** Information supplied follows **
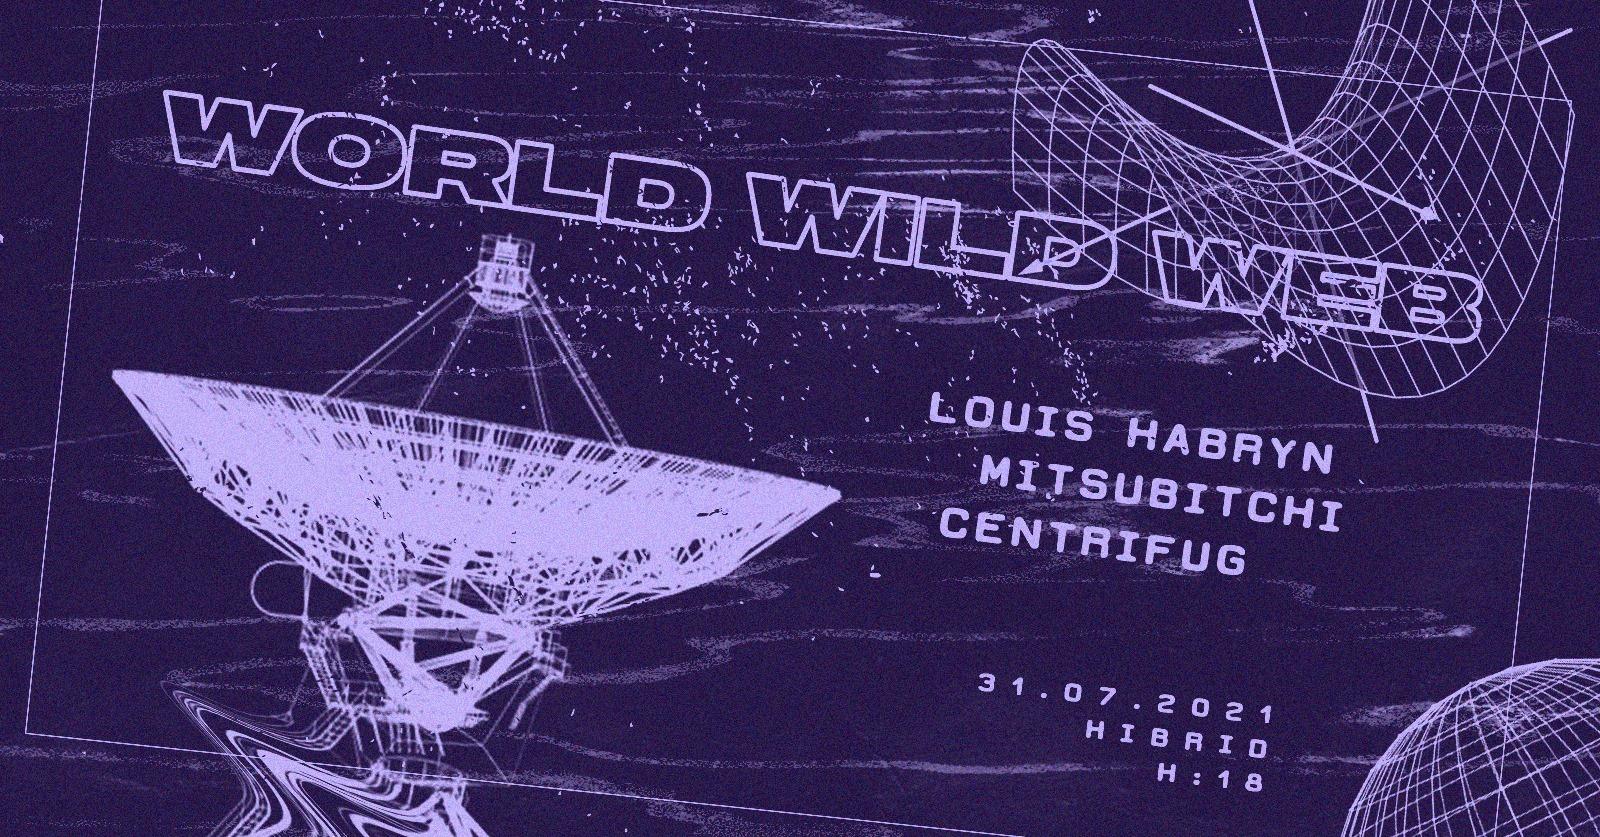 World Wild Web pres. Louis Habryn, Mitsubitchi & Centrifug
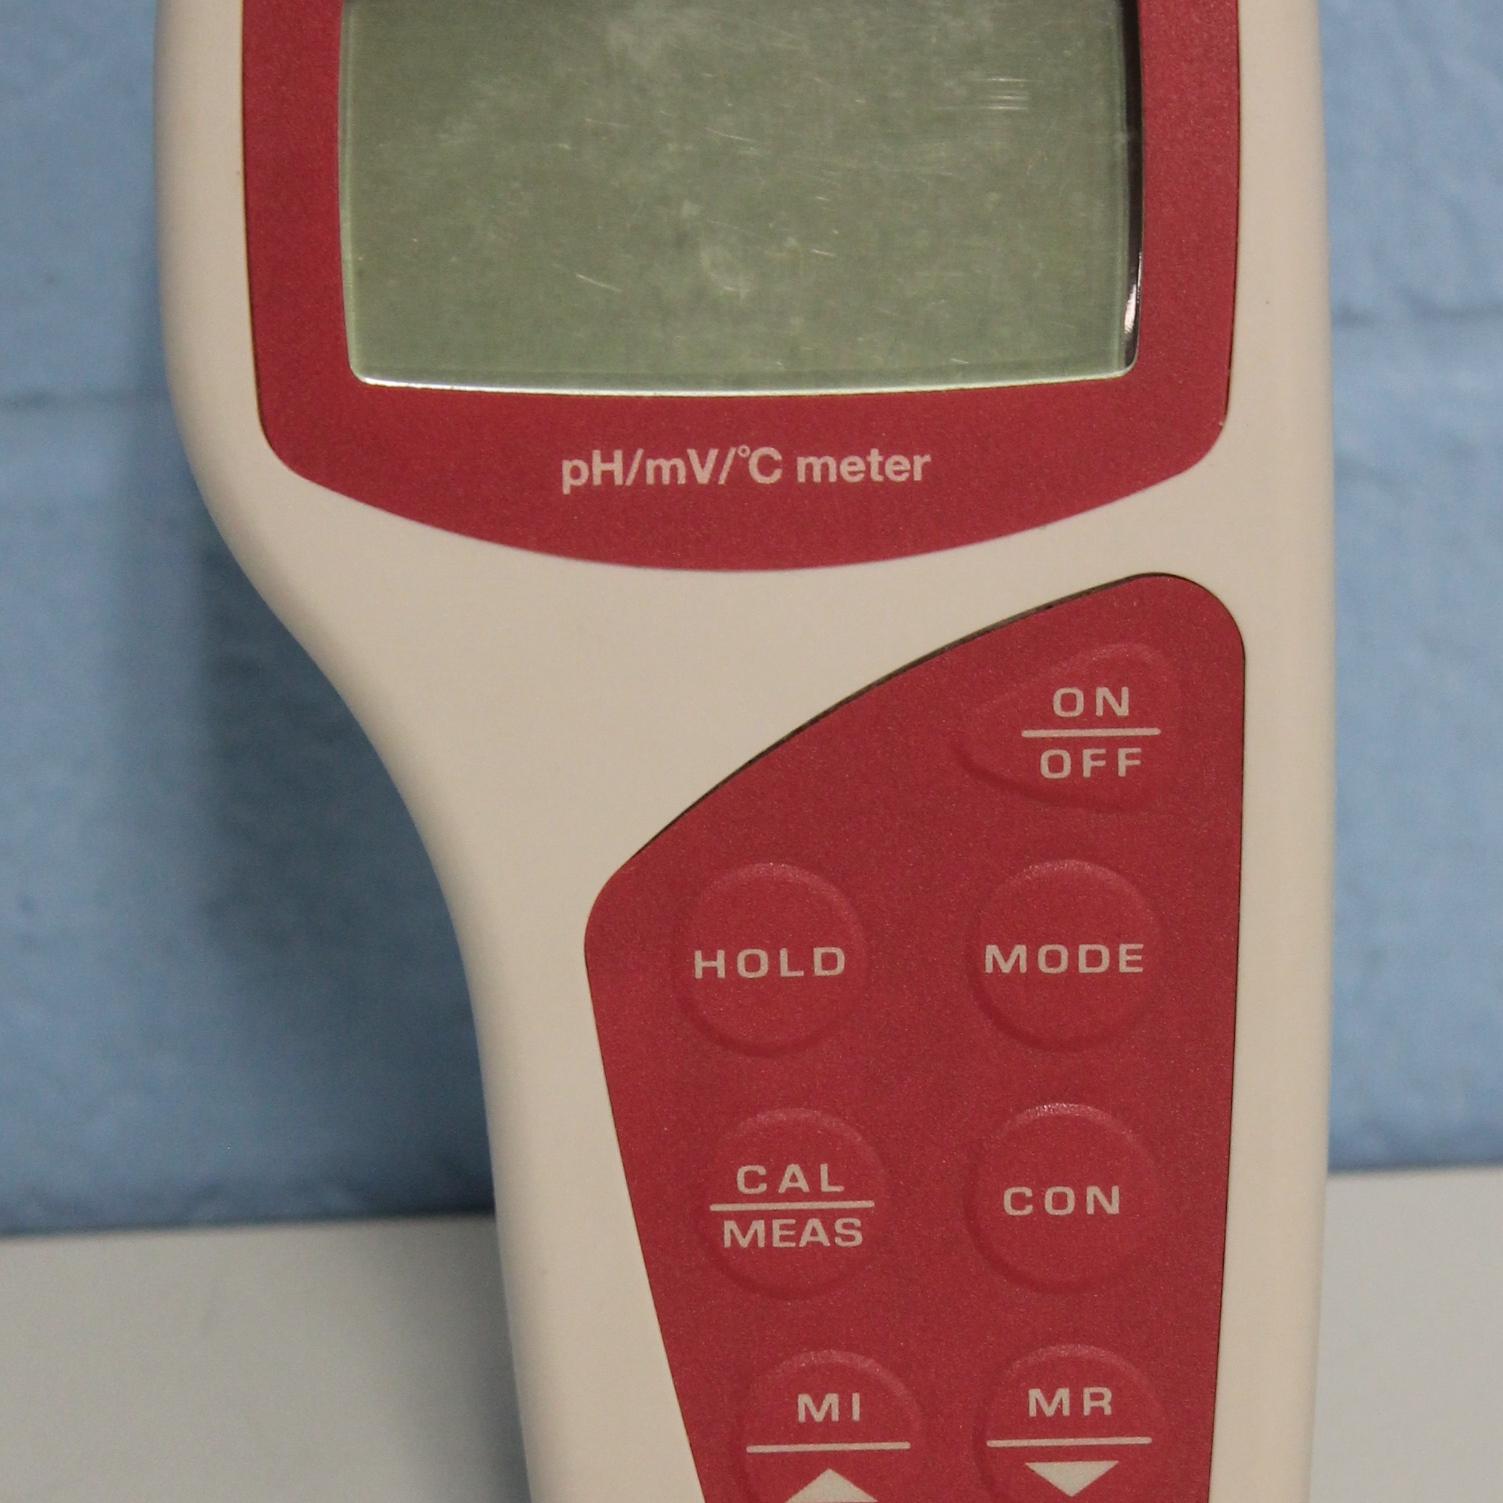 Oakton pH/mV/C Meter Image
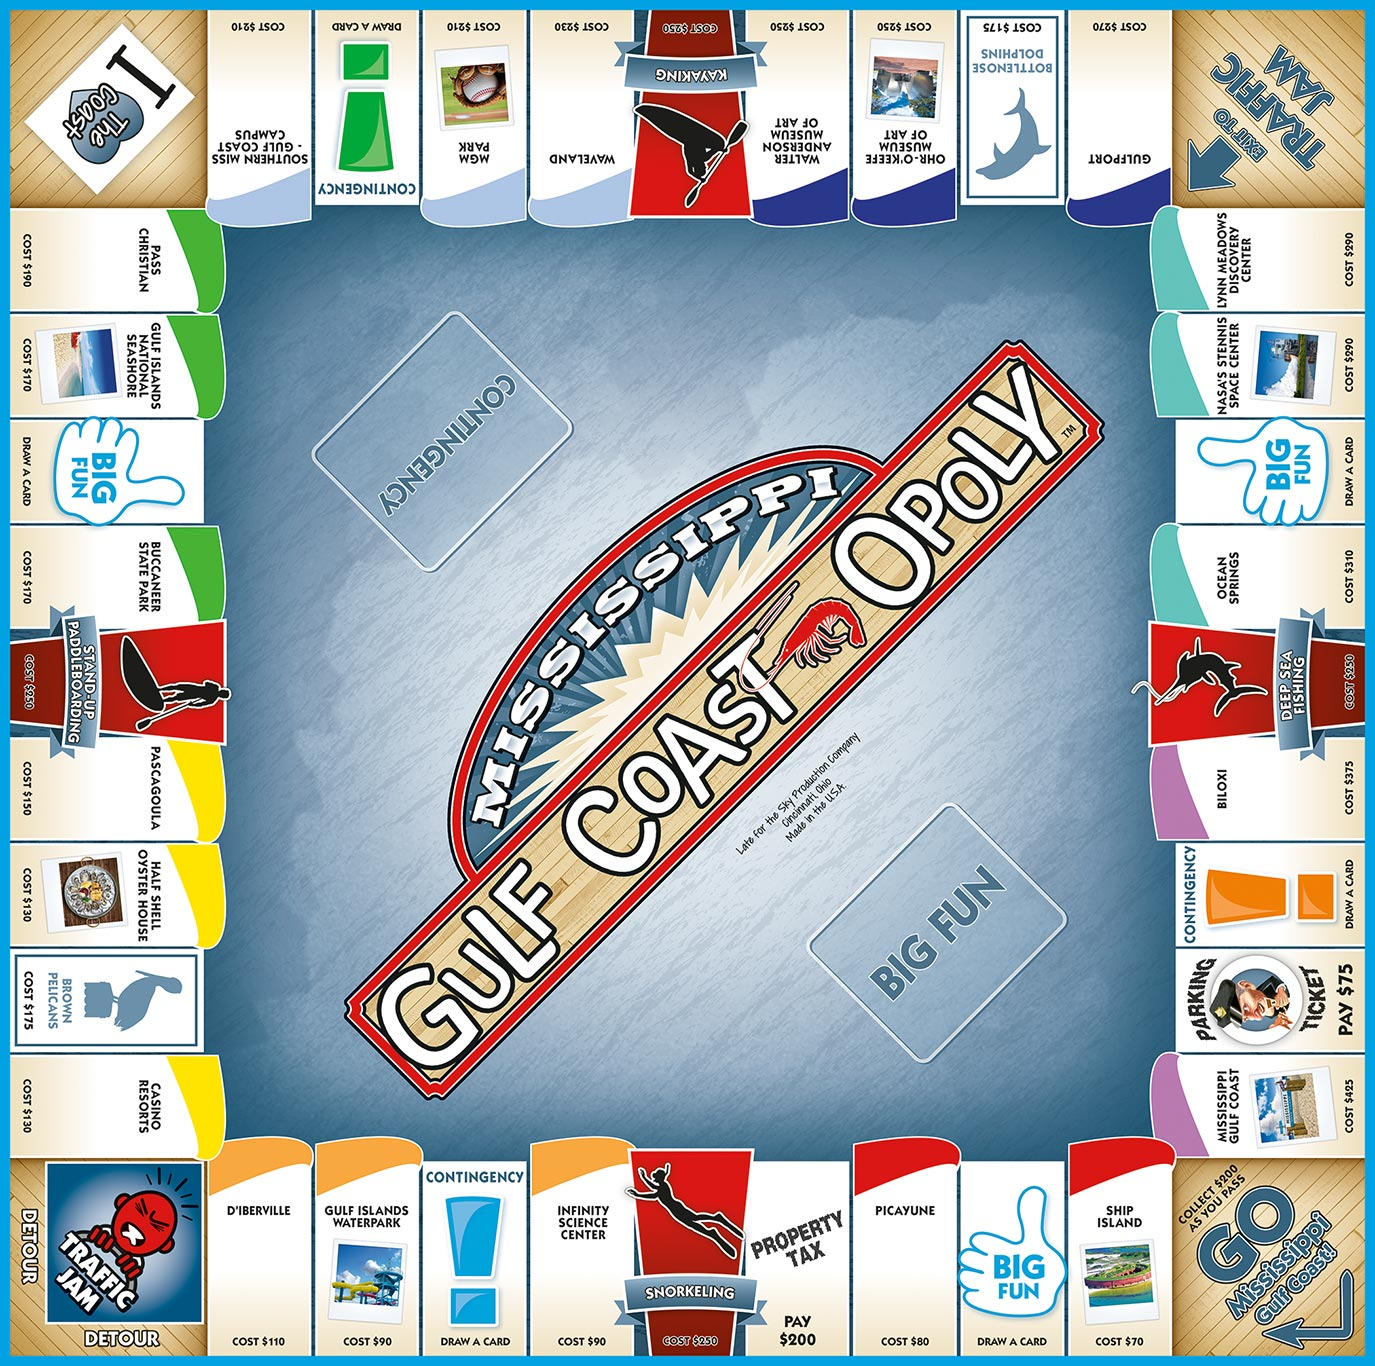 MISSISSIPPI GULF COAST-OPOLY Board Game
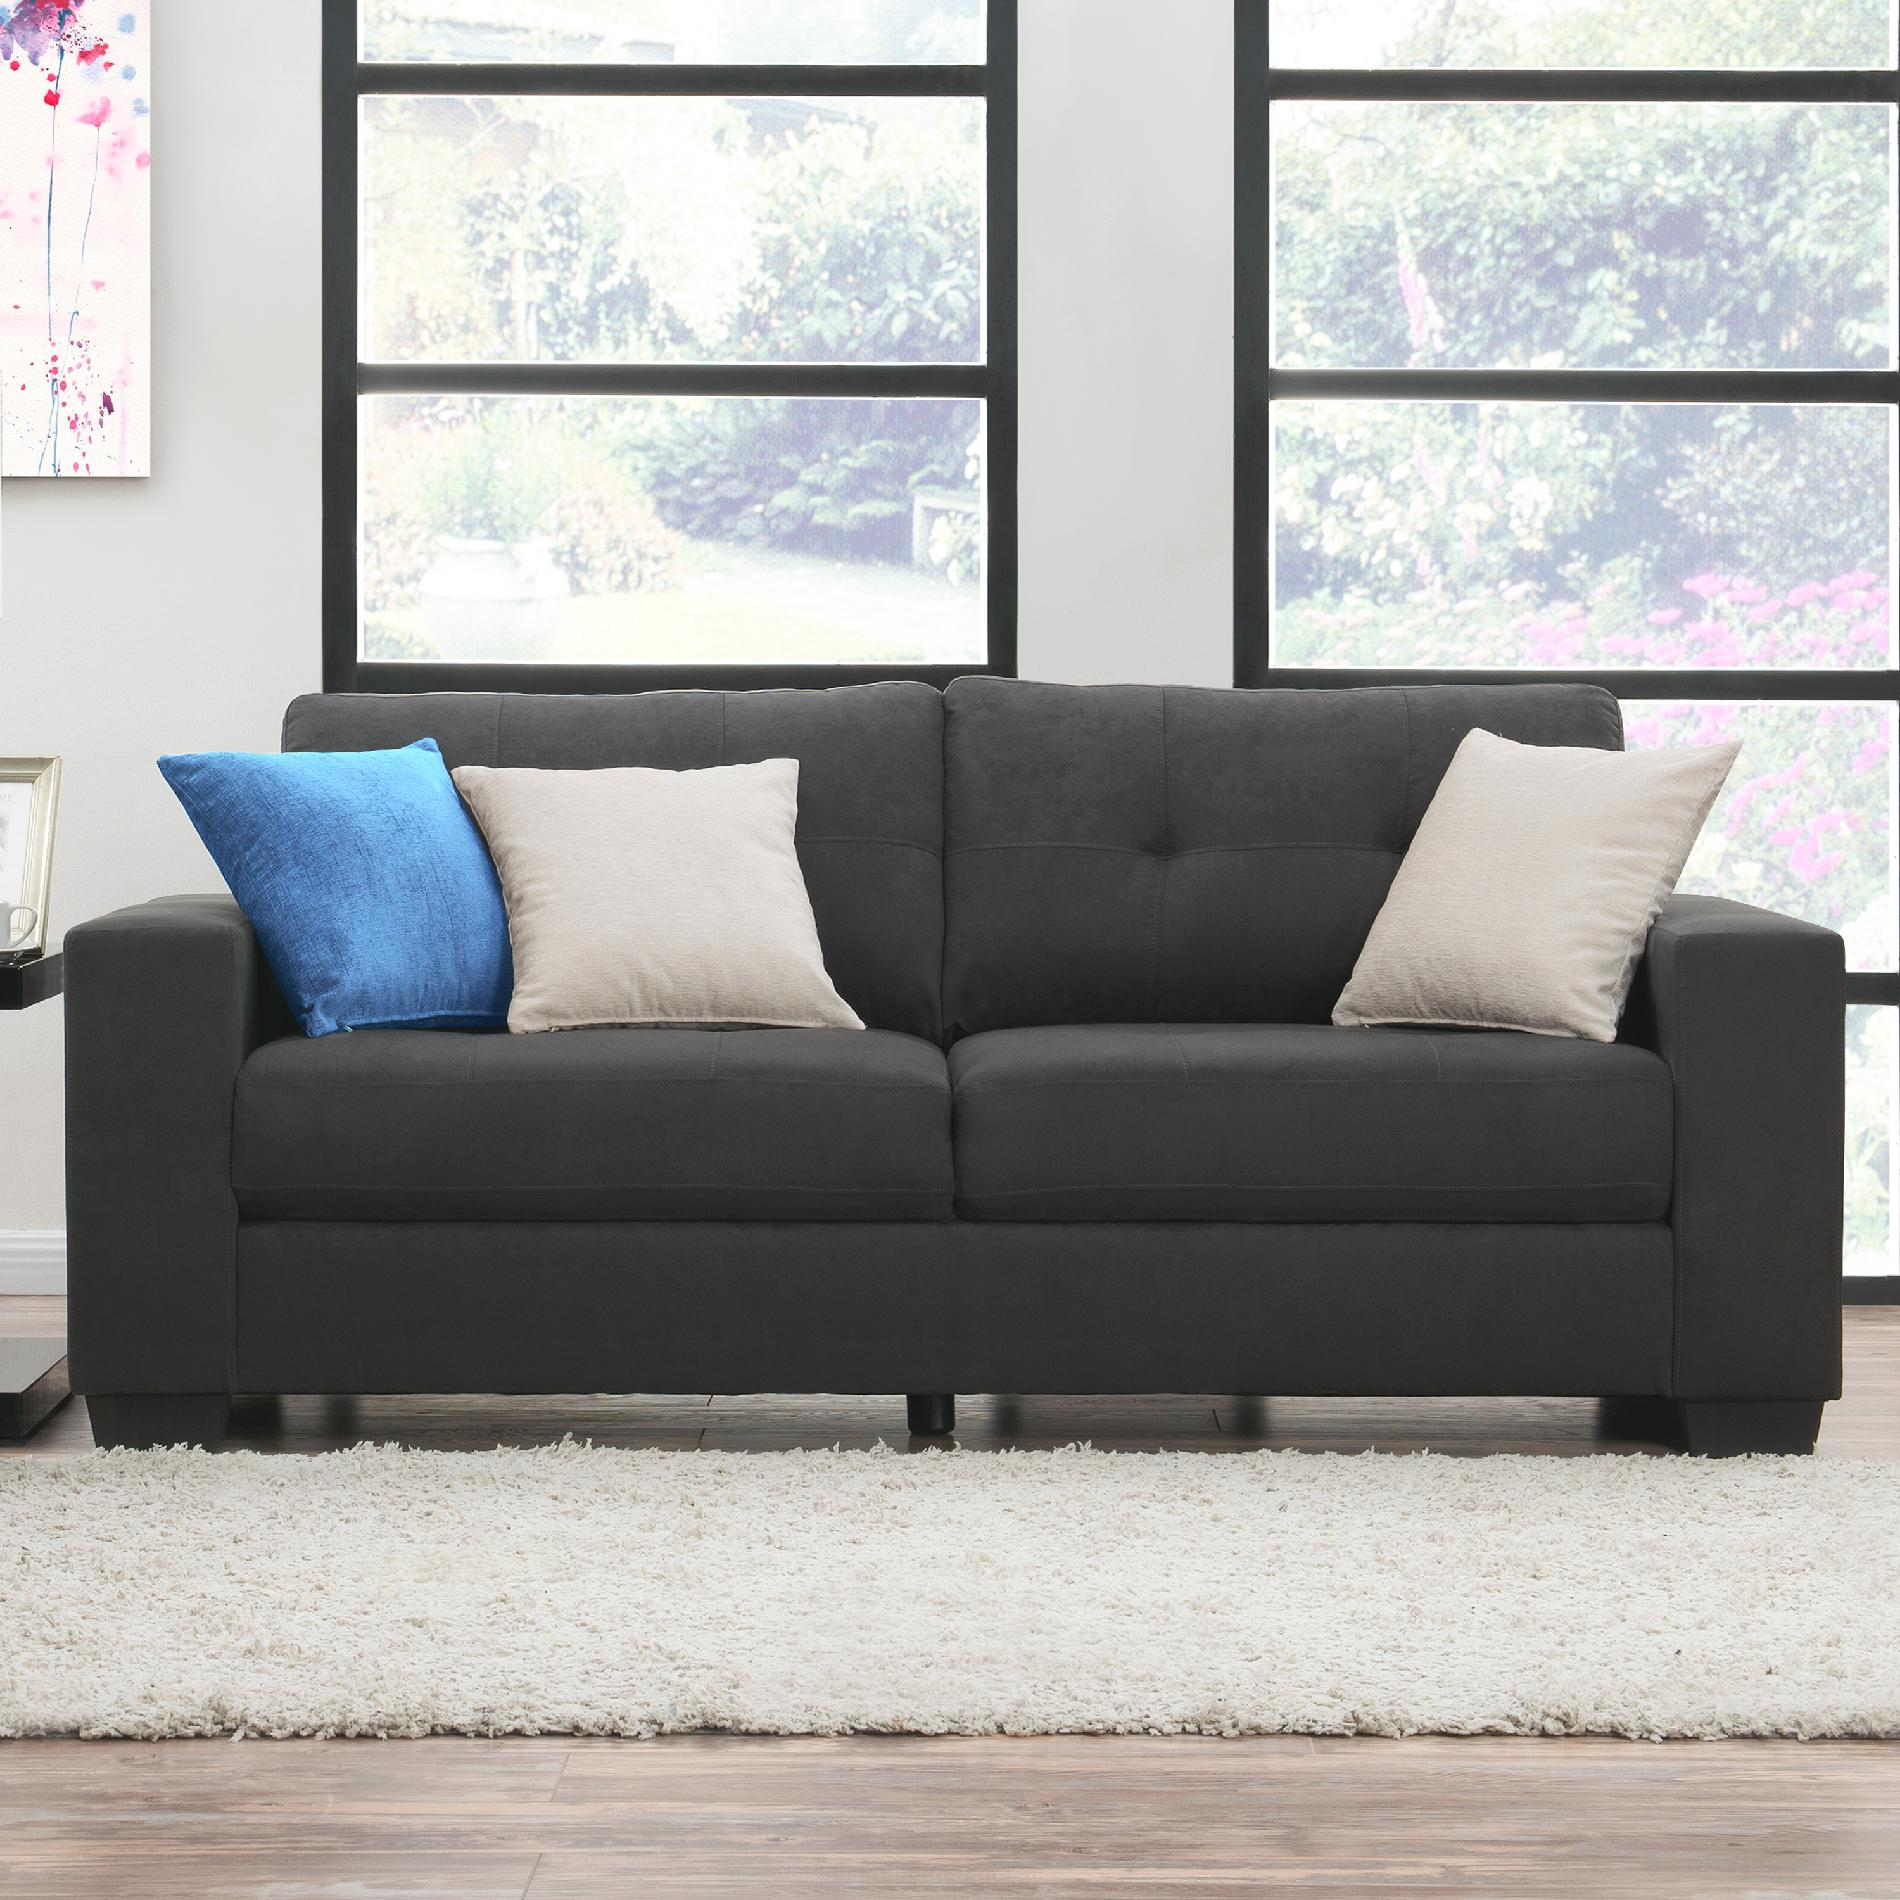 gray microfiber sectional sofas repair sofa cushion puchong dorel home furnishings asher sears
** End of Information supplied **
#### Work to be completed:
Repeat verbatim the lines from the one with "Oakton pH/mV/C Meter Image" through the end of the listing above. Include both ends, add nothing, and exclude the pictures.

#### Response:
 Oakton pH/mV/C Meter Image
 MISSISSIPPI GULF COAST-OPOLY Board Game
 gray microfiber sectional sofas repair sofa cushion puchong dorel home furnishings asher sears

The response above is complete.